Camera Lucida: The Inevitability of Death

 In our last class discussion of Camera Lucida Professor Bergman expatiated upon her favorite segment of the book: "...the punctum is: he is going to die. I read at the same time: This will be and this has been; I observe with horror an anterior future of which death is the stake. By giving me the absolute past of the pose (aorist), the photograph tells me death in the future. What pricks me is the discovery of this equivalence. In front of the photograph of my mother as a child, I tell myself: she is going to die: I shudder, like Winnicott's psychotic patient, over a catastrophe which has already occurred. Whether or not the subject is already dead, every photograph is this catastrophe."

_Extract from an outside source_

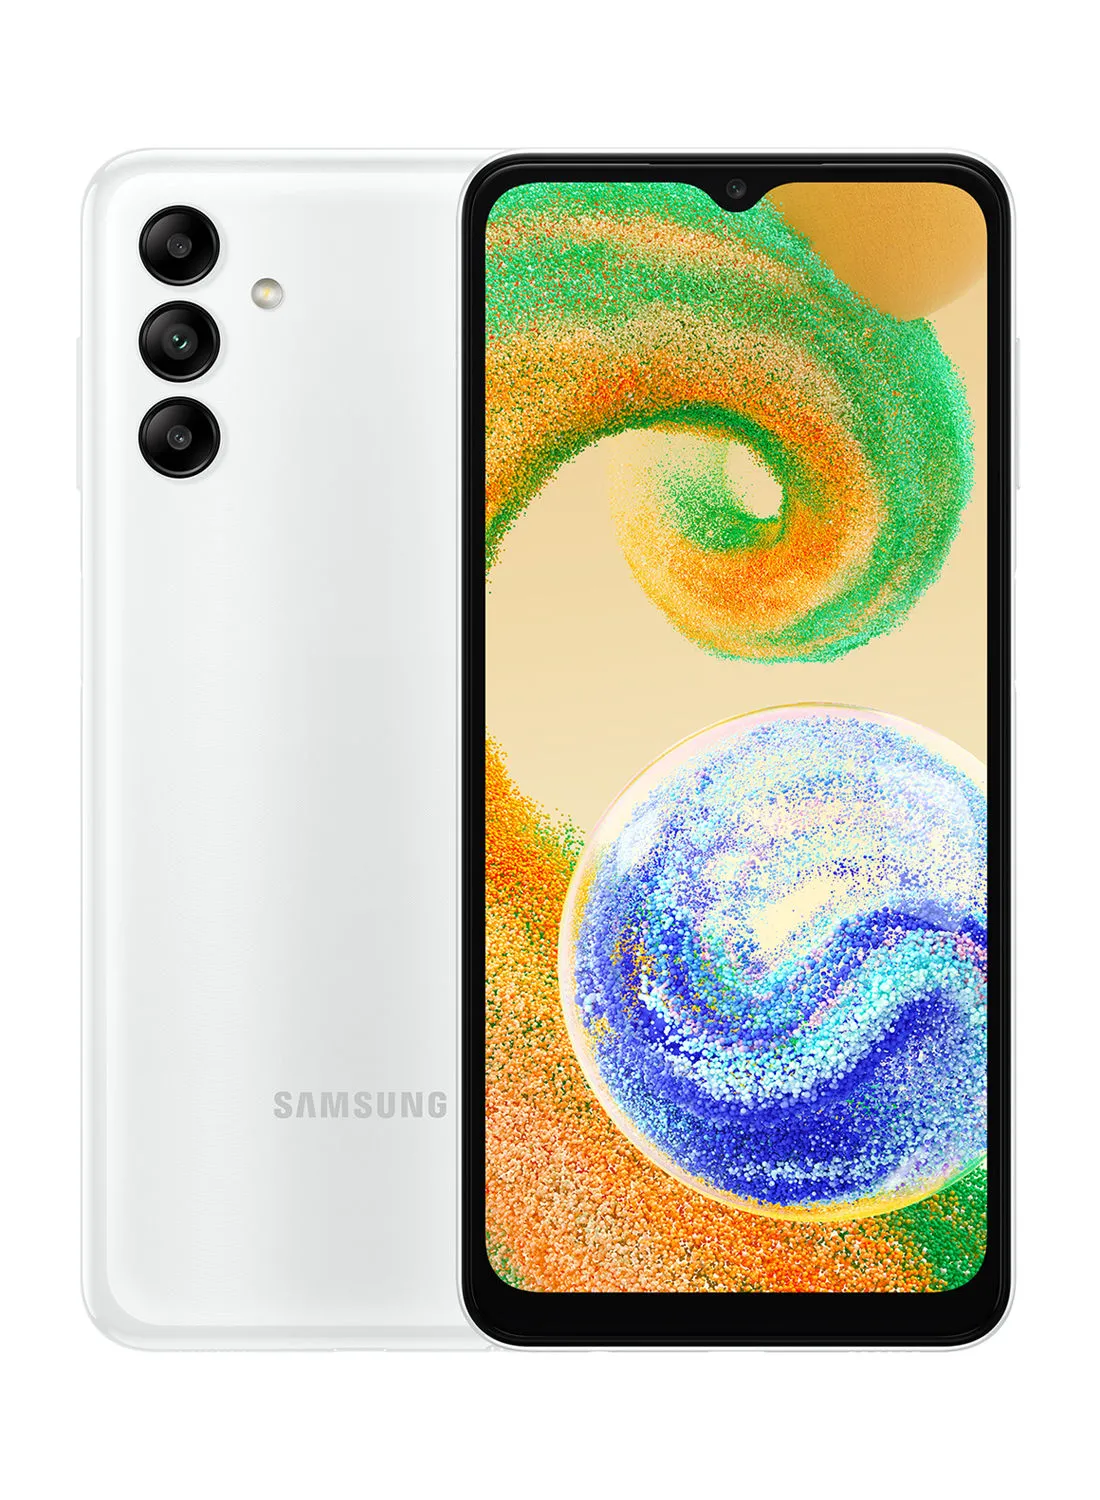 هاتف Samsung Galaxy A04s ثنائي الشريحة باللون الأبيض ، وذاكرة وصول عشوائي (RAM) سعة 3 جيجابايت ، وذاكرة داخلية سعة 32 جيجابايت ، ومزود بخدمة 4G LTE - إصدار الشرق الأوسط
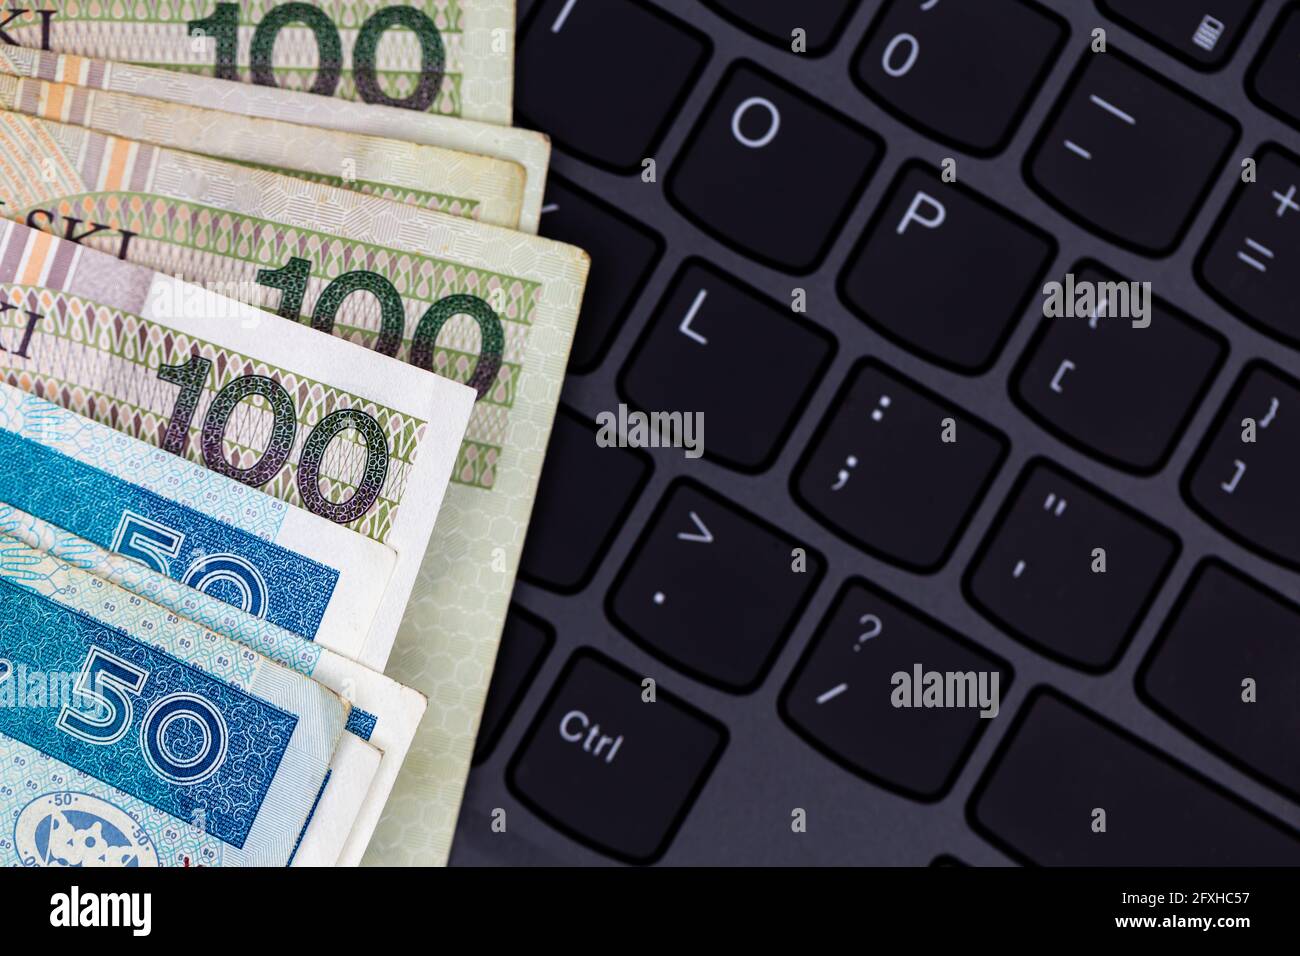 Un set di banconote da 50 e 100 PLN polacche disposte su una tastiera nera per laptop. Foto scattata in condizioni di luce artificiale e soffusa Foto Stock

This particular section really made me think. I've always been aware of the inevitability of death. It hasn't bothered me too much and I try not to dwell on it. However, now it has been intertwined with photography and EVERY photo of a person. It's a bit of a chilling thought when you look at photos and think, "He/she is going to die." Photos capture a single moment in time, a moment that you can never have back. They can tell you what happened after the photo was taken,  "This will be and this has been."  The photo that made Barthes realize this was one of a man in a cell sentenced to death. He knew for sure that this man died soon after the photo was taken. However, because of the inevitability of death, this thought comes across with every photo. Regardless of the state of the person, you know what's going to happen eventually (or that it had happened). "In front of the photograph of my mother as a child, I tell myself: she is going to die" is a particularly powerful statement; a reality that it may be difficult to come to grips with. I sympathize with Barthes when he says "I shudder, like Winnicott's psychotic patient, over a catastrophe which has already occurred. Whether or not the subject is already dead, every photograph is this catastrophe."